Dow Chemical Company submitted a petition to EPA under the Federal
Food, Drug, and Cosmetic Act (FFDCA), as amended by the Food Quality
Protection Act of 1996 (FQPA), requesting an exemption from the
requirement of a tolerance.
DATES: This regulation is effective August 15, 2007. Objections and
requests for hearings must be received on or before October 15, 2007,
and must be filed in accordance with the instructions provided in 40
CFR part 178 (see also Unit I.C. of the SUPPLEMENTARY INFORMATION).
ADDRESSES: EPA has established a docket for this action under docket
identification (ID) number EPA-HQ-OPP-2007-0220. To access the
[[Page 45654]]
electronic docket, go to http://www.regulations.gov, select ``Advanced
Search,'' then ``Docket Search.'' Insert the docket ID number where
indicated and select the ``Submit'' button. Follow the instructions on
the regulations.gov web site to view the docket index or access
available documents. All documents in the docket are listed in the
docket index available in regulations.gov. Although listed in the
index, some information is not publicly available, e.g., Confidential
Business Information (CBI) or other information whose disclosure is
restricted by statute. Certain other material, such as copyrighted
material, is not placed on the Internet and will be publicly available
only in hard copy form. Publicly available docket materials are
available either in the electronic docket at http://www.regulations.gov
, or, if only available in hard copy, at the OPP
Regulatory Public Docket in Rm. S-4400, One Potomac Yard (South Bldg.),
2777 S. Crystal Dr., Arlington, VA. The Docket Facility is open from
8:30 a.m. to 4 p.m., Monday through Friday, excluding legal holidays.

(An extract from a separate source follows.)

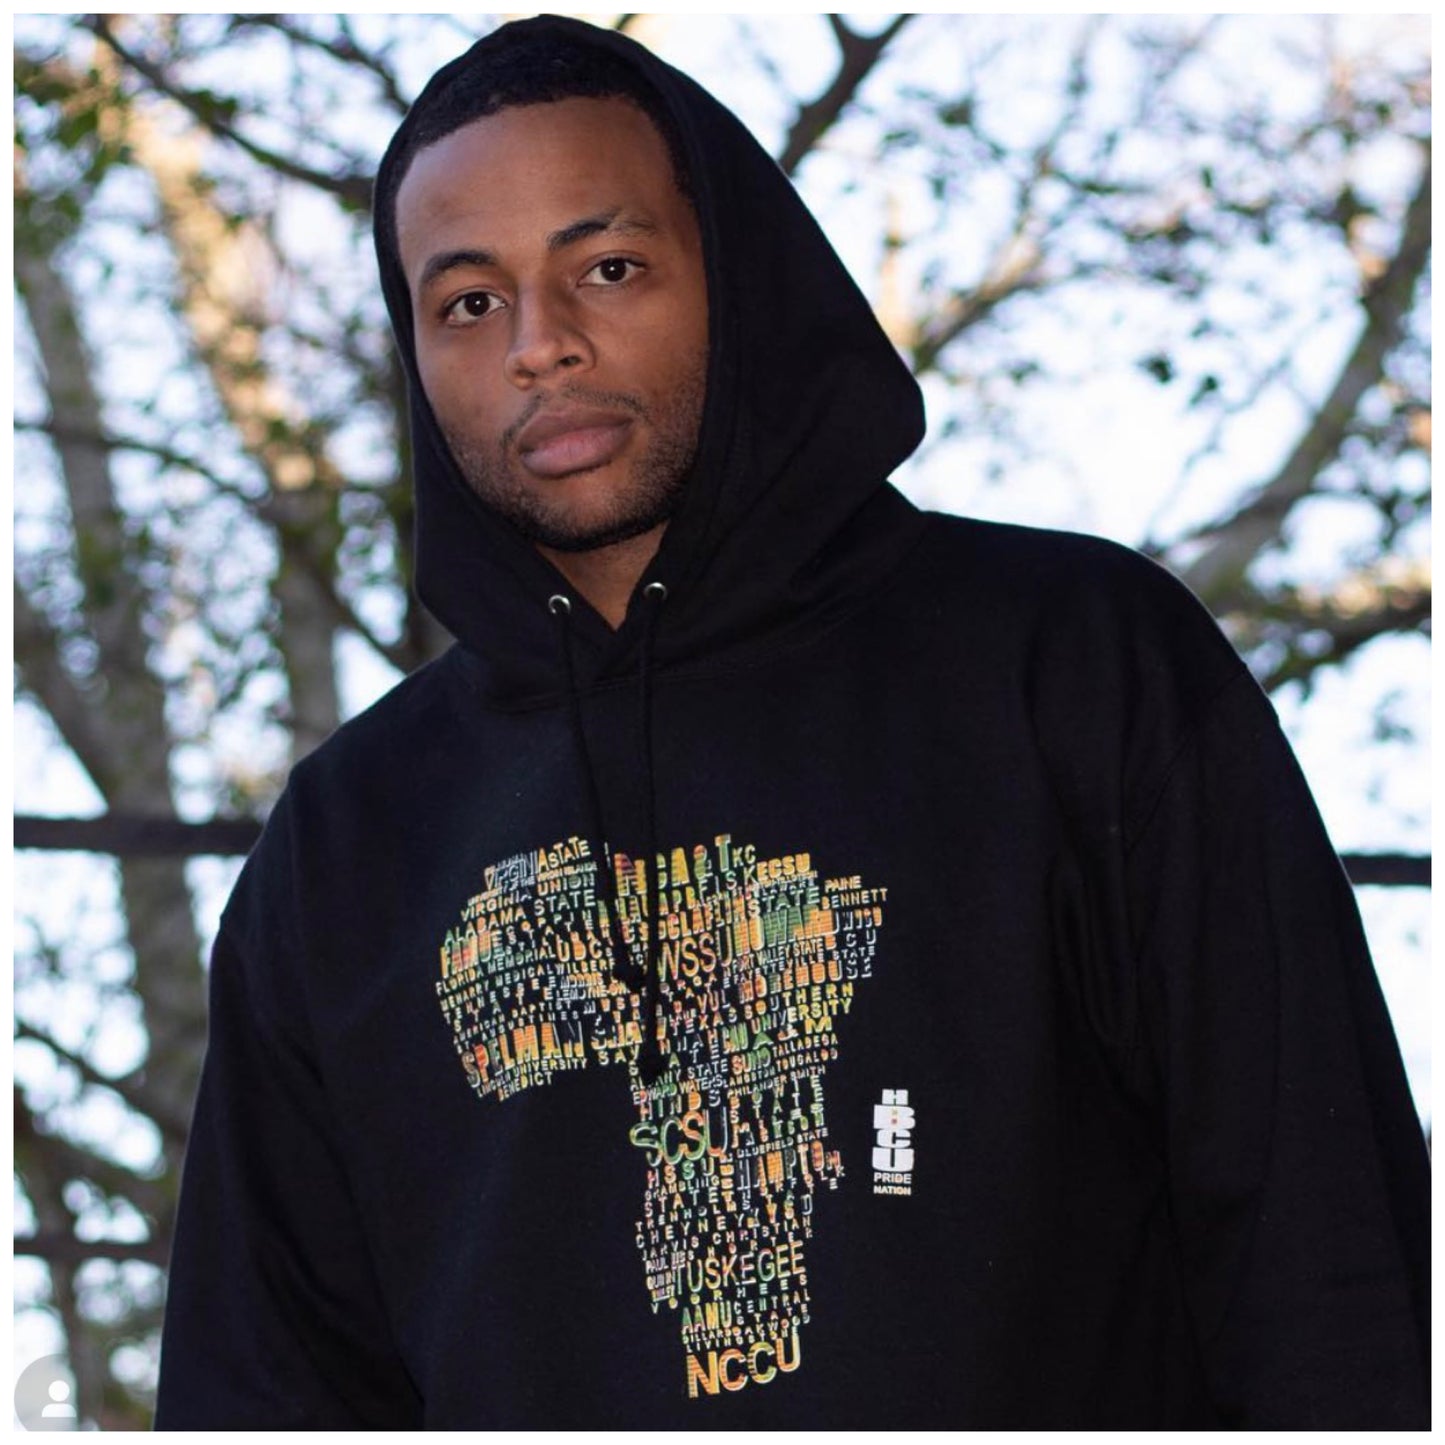 The "Respect Your Roots" Hoodie in Black and Kente  #Africa
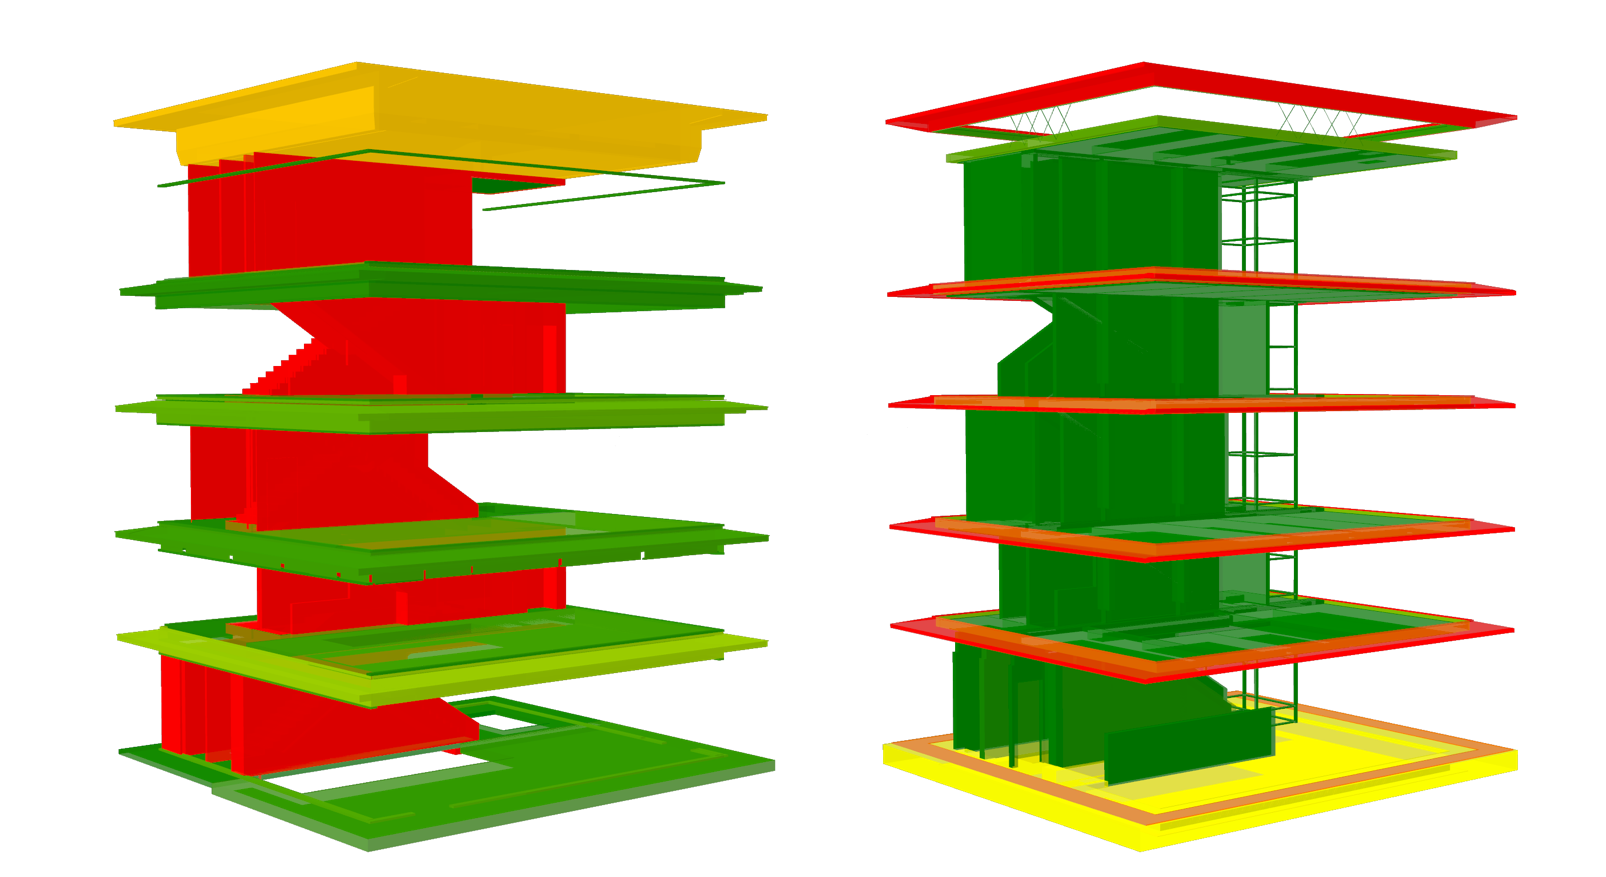 Comparing modes: RC reference model (left), the optimised model with CLT slabs and walls (right)

The Docket Facility telephone number is (703) 305-5805.
FOR FURTHER INFORMATION CONTACT: Karen Angulo, Registration Division
(7505P), Office of Pesticide Programs, Environmental Protection Agency,
1200 Pennsylvania Ave., NW., Washington, DC 20460-0001; telephone
number: (703) 306-0404; e-mail address: angulo.karen@epa.gov.
SUPPLEMENTARY INFORMATION:
I. General Information
A. Does this Action Apply to Me?
You may be potentially affected by this action if you are an
agricultural producer, food manufacturer, or pesticide manufacturer.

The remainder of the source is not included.